As he handled the replacement of an Elder, Mary thought. That had been done today with no more than a word from the Doctor.

Nehemiah pulled in a deep breath. “Yes, I’m stepping down now, and like the Doctor says, it’s time. And only right. Luke’s going to take the Doctor’s place, probably, sooner or later. We all know that.”

Luke take the Doctor’s place? Mary tried to imagine Luke in the pulpit urging the Flock to righteousness, threatening them with an agonizing hell. She tried to imagine Luke in the role of a saint.

She said, “But that’s bound to be a long time in the future.”

“Maybe. We never know what the Lord has in store for us. The Doctor’s had some trouble with his heart lately. Bernadette’s always boiling up foxglove for him. Not that he can’t work with the best of us, long and hard. Still, you never know. Got to look to the future.”

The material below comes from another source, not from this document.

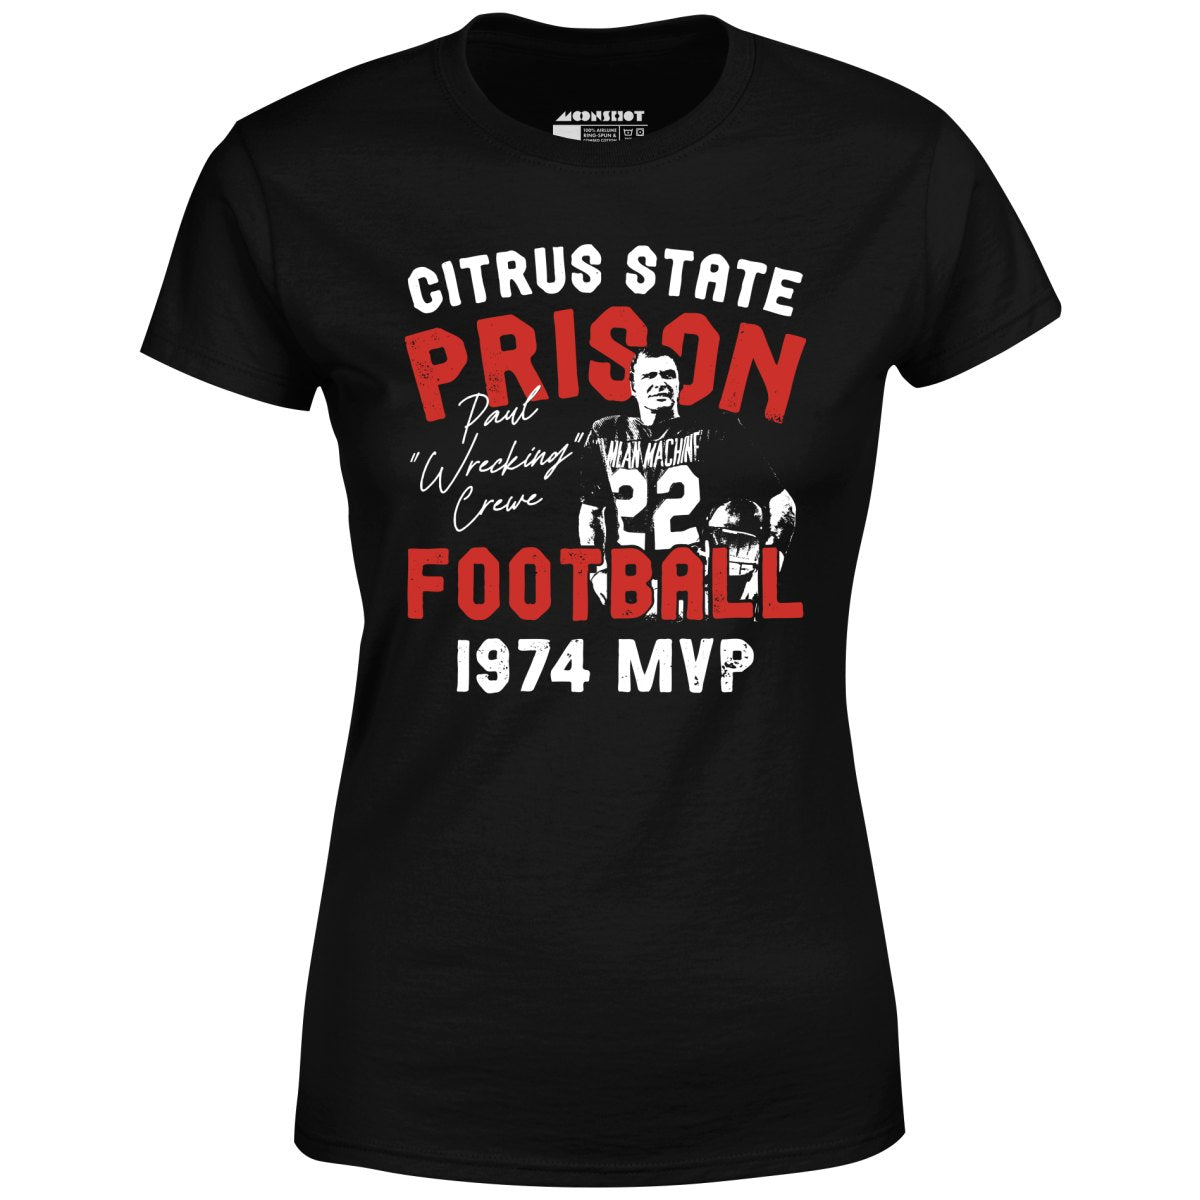 Mean Machine Citrus State Prison Football - Women's T-Shirt

Mary wondered how much future Nehemiah foresaw if he, like the Doctor, believed the second coming of Christ was imminent. But she hadn’t decided how to word that delicate question, when Nehemiah stretched and came to his feet. “Well, I’d best get back to bed. The cows’ll be waiting early on for milking.”

She looked up at him. “I enjoyed talking to you, Brother Nehemiah.”

“I enjoyed it, too. You’ll be a blessing for Luke and for the Flock. Good night, Sister Mary.” And with that he lumbered away down the hall. She heard the latch on his door click.

Mary looked around into the silent shadows and knew she should go to bed, too, should try to sleep. But she couldn’t face that empty bed yet. She put another piece of wood on the fire and watched the flames whorling around it, listened to their rush and crackle, and thought about saints.

The wedge of wood was charred black, checkered in squares with incandescent edges, when she heard the creak of footsteps behind her. She turned, only to be disappointed again. It wasn’t Luke.